As some of my much-esteemed Charioteers might know, I’ve recently changed tack and completed a two-year certification programme in Business Arts. This does not in any way mean that I’m an expert or anything approaching that exulted state. I have, however, started to pay more attention to how companies and commerce work. British Airways is a recent example of how to mismanage an otherwise reputable company.
Low cost carriers have changed European travel. Legacy carriers, BA included, have largely accepted that they cannot dominate short-haul travel in Europe and have, instead, focused on long-haul flights and, in many instances, offering a more civilised flight in exchange for the higher fare on short-haul flights. Recently, however, Norwegian Air have established a number of competitive routes to the USA and, increasingly, Asia. This has given many legacy carriers pause for concern, perhaps needlessly. Having compared their fares to BA and Scandinavian Airlines, they’ve generally been the same price — if not a little higher once things like meals, snacks and hold baggage are factored into the price.

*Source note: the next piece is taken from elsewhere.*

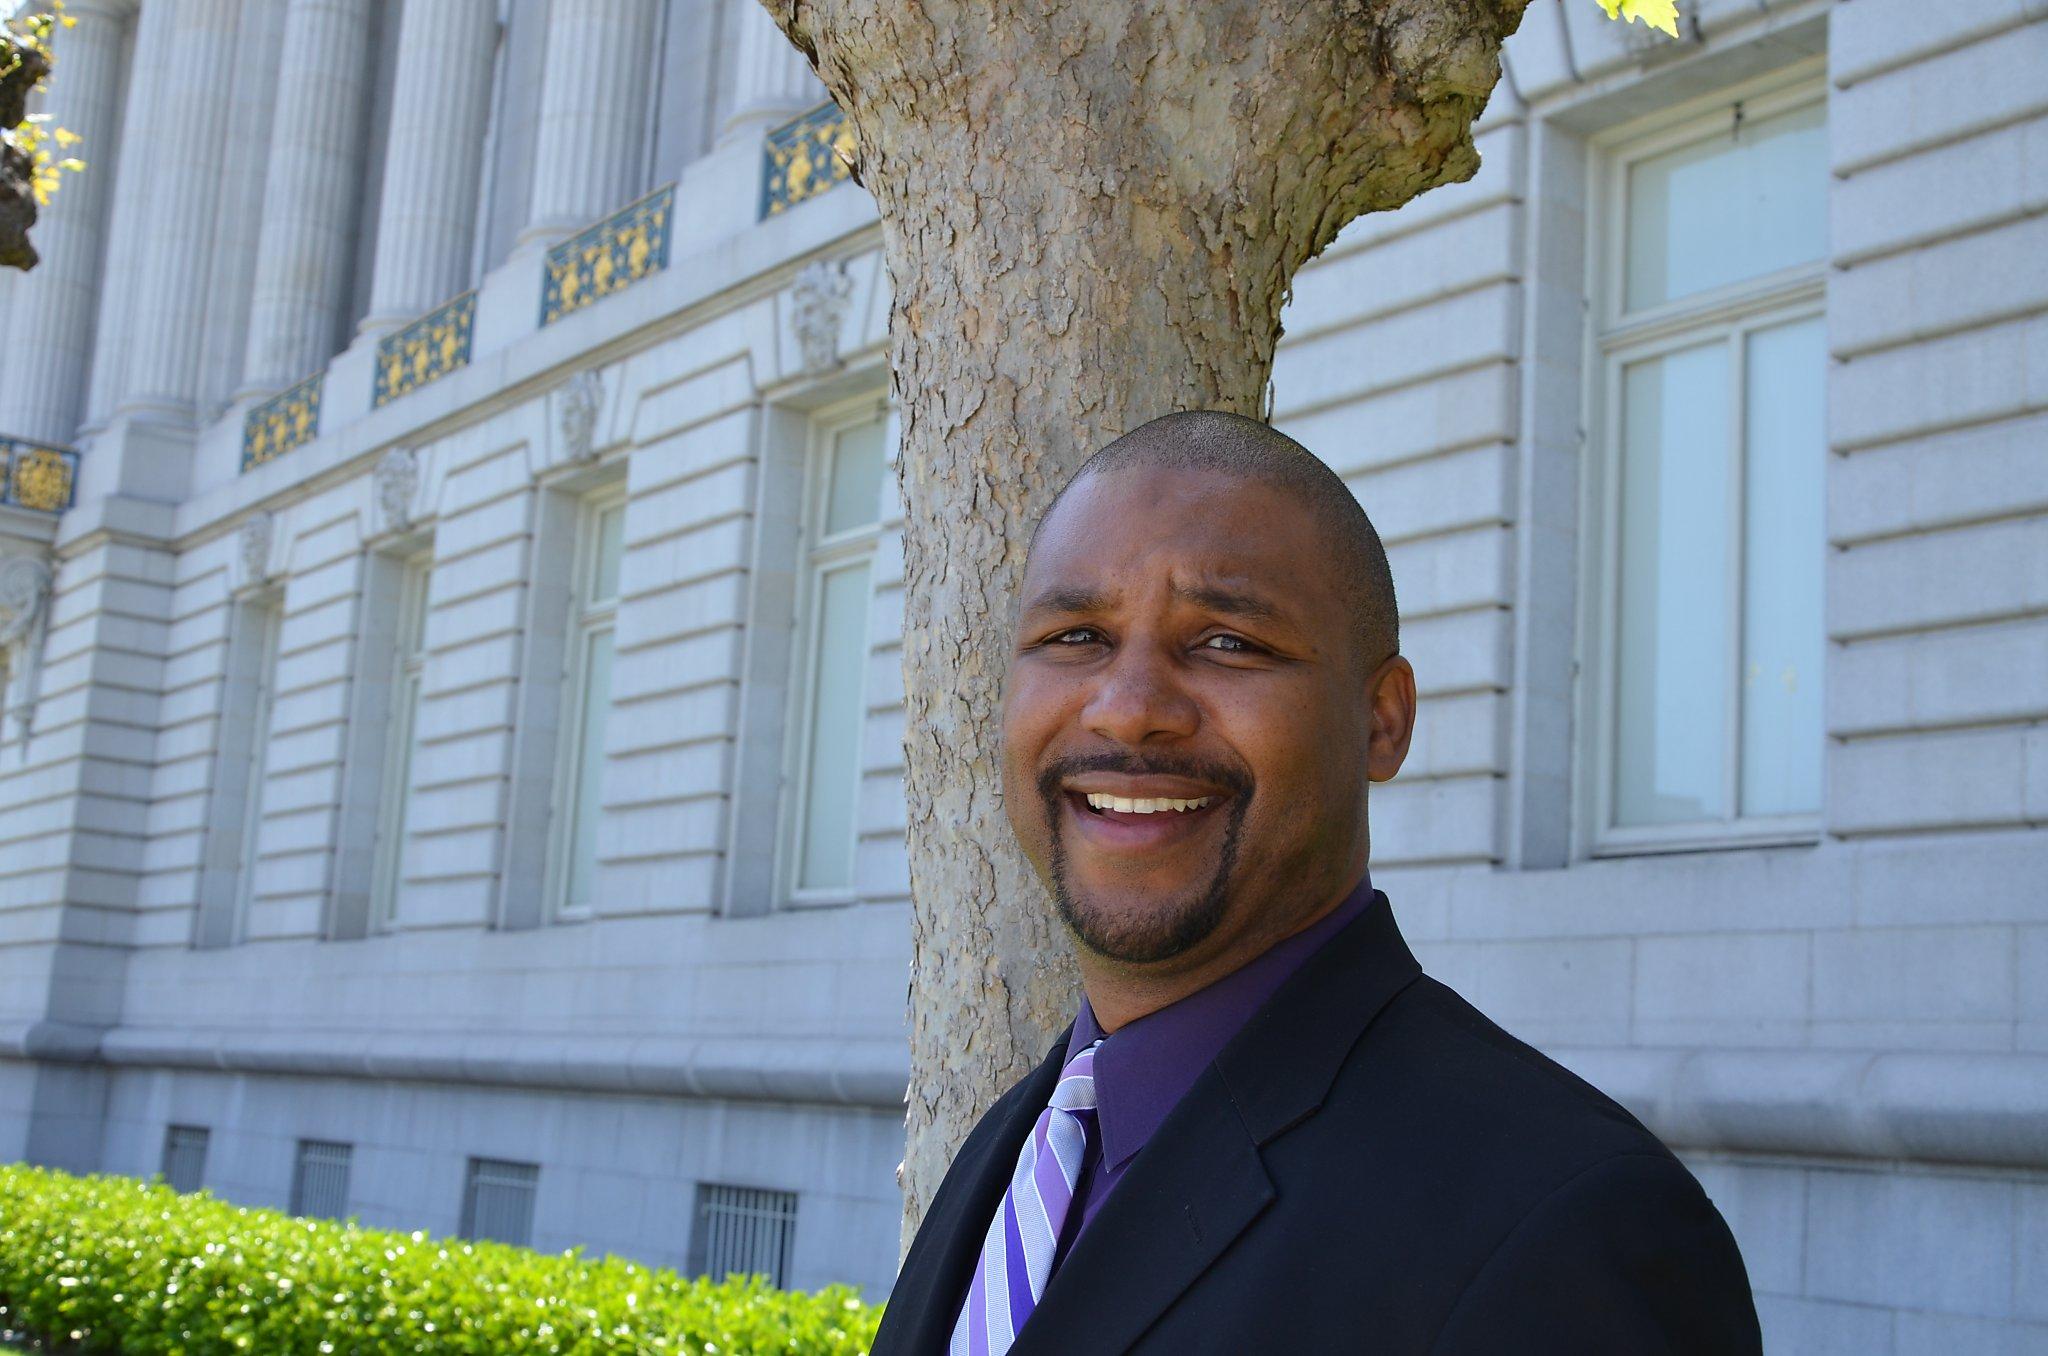 Supervisor Walton says SF cigar bar discriminated against him and his friends

In a fit of madness, BA hired Alex Cruz — a disgusting blob of a “man” who spent years at American Airlines and Vueling. In just over a year, he’s successfully undermined BA’s brand something terrible. Carriers like British Airways, Lufthansa, KLM, Air France, Scandinavian Airlines, etc. cannot take anything for granted. They remain viable only because many people are willing to pay somewhat higher fares for a more civilised product. Their competition comes not from low-cost carriers, but from Gulf and Asian carriers able to offer a competitive fare for a civilised flight. In many instances, they’ve started carriers able to compete on less profitable routes due to fewer services offered and lower labour unit costs. Air France started Hop!, Lufthansa started German Wings/Eurowings, Iberia started Iberia Express. The main company’s brand isn’t tarnished due to a deterioration of quality, but the company can still cut costs. In North America, Air Canada have done the same. Alex Cruz, however, made the fateful error of cutting the quality of the product without cutting fares in exchange.
His glaring and unforced errors were laid bare over the weekend as British Airways suffered one of aviation’s most complete service disruptions in recent years. Despite his denials, his “cost-cutting” efforts are largely at fault for this global chaos. This might, in fact, cost his company over £100 million — and that’s a conservative estimate. This does not include a fall in passenger volume, something that’s already been increasing since his “cost-cutting” measures have taken effect. His poor record at Vueling is also emerging. For the sake of British Airways, I hope that he is sacked if he doesn’t fall on his sword. It will take a long time for BA to recover from his incompetence. If he doesn’t leave soon, BA might never fully recover.
CT: Regrettably, such types are generally too arrogant to fall on their own swords and it typically takes the Board of Directors far too long to push them. It’s a nice day, a national holiday (here at least), the lady of the house has a big barbecue planned and I don’t want to spoil it by ferreting out how much that idiot is getting paid. How is their pay calculated, anyway? By dollars/pounds per cubic yard of incompetence?
I’m a retired executive type having absolutely no experience in the airline industry, although I did work with airline companies quite a bit. As much as I enjoy doing nothing (or so my wife claims), I might – just might – be prevailed upon to step in as BA’s interim CEO. I could hardly do worse than the idiot they’ve got now.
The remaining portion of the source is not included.